Thrale suddenly released his knee and sat upright; then he moved his chair so that he directly confronted his companion.

“Look here, Gurney,” he said, and the pupils of his eyes contracted till they looked like black crystal glowing with dark red light. “Do you realize how some outside control has always diverted man’s progress; how when nations have tended to crystallize into specialized government, some irruption from outside has always broken it up? You can trace the principle through all known history, but the most marked cases are those of the Egyptians and the Incas—two nations which had developed specialized government to a science. There is some power—whether we can credit it with an intelligence in any way comprehensible to us from the feeble basis of our own knowledge, I doubt—but there is some outside power which will not permit mankind to crystallize into an organism. From our, human, point of view, from the point of view of individual comfort and happiness, it would be of enormous benefit to us if we could develop a system of specialization and swamp the individual in the community. And in times of peace and prosperity that is always the direction in which civilization tends to evolve. But beyond a certain point—as the individualists have not failed to point out—that state of perfect government will lead to stagnation, degeneration, death. Now, in the little span of time that we know as the history of mankind, there has been no world-civilization. As soon as a nation tended to become over-civilized and degenerate, some other, younger, more barbarous people flowed over them and wiped them out. In the case of Peru the process had gone very far, owing to the advantages of the Incas’ peculiar segregation. But then, you see, the development in the East, the new world (I ought to explain that I find the oldest civilization of the present epoch in America) reached a point in Spain and England which sent them out across a hemisphere to wreck and destroy the Incas.

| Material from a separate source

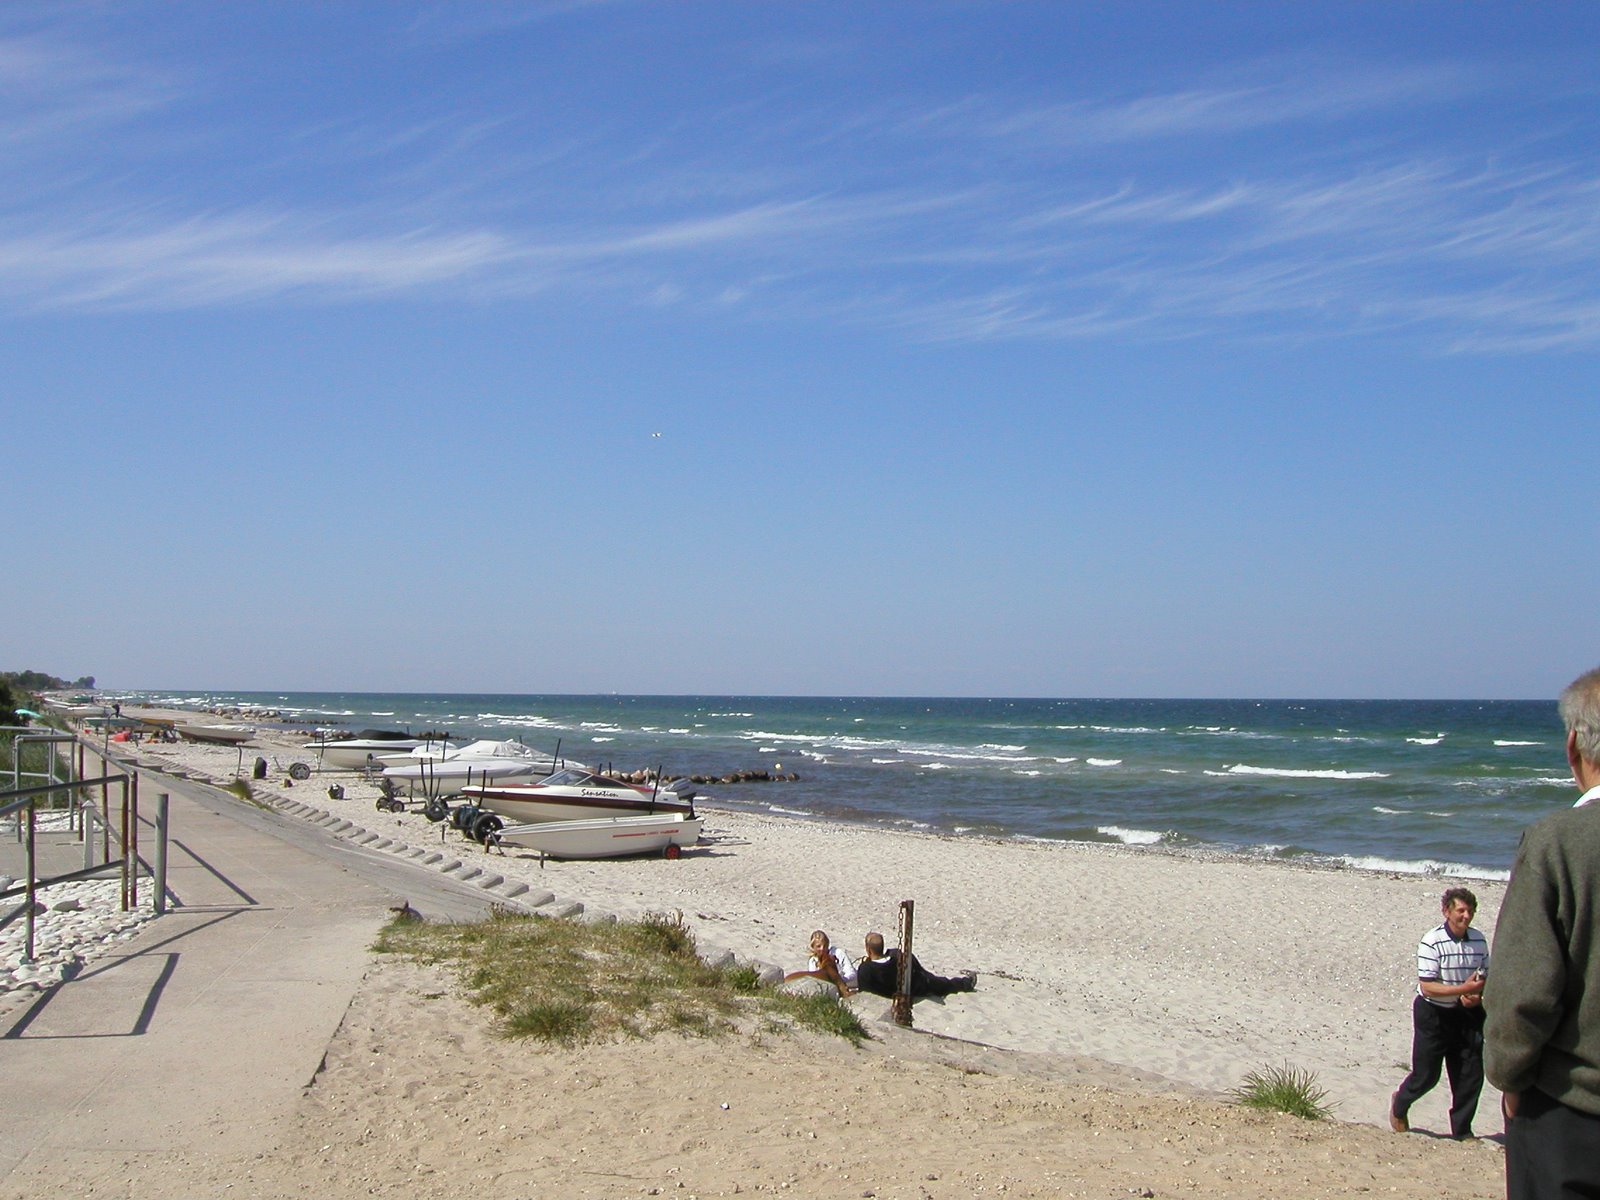 Foto de Hasmark Beach - lugar popular entre os apreciadores de relaxamento

“Well, we have now reached a condition when the nations are in touch with one another and progress becomes more general. We are in sight of a system of European, Colonial and Trans-Atlantic Socialism, more or less reciprocal and carrying the promise of universal peace. Whence, you ask, is any irruption to come that will break up this strong crystallizing system which is admittedly to work for the happiness and comfort of the individual? There has been much talk of an Asiatic invasion, a rebellious India or an invading China, but those civilizations are older than ours; if we can trust the precedents of history in this connexion, the conquerors have always been the younger race.” He broke off abruptly.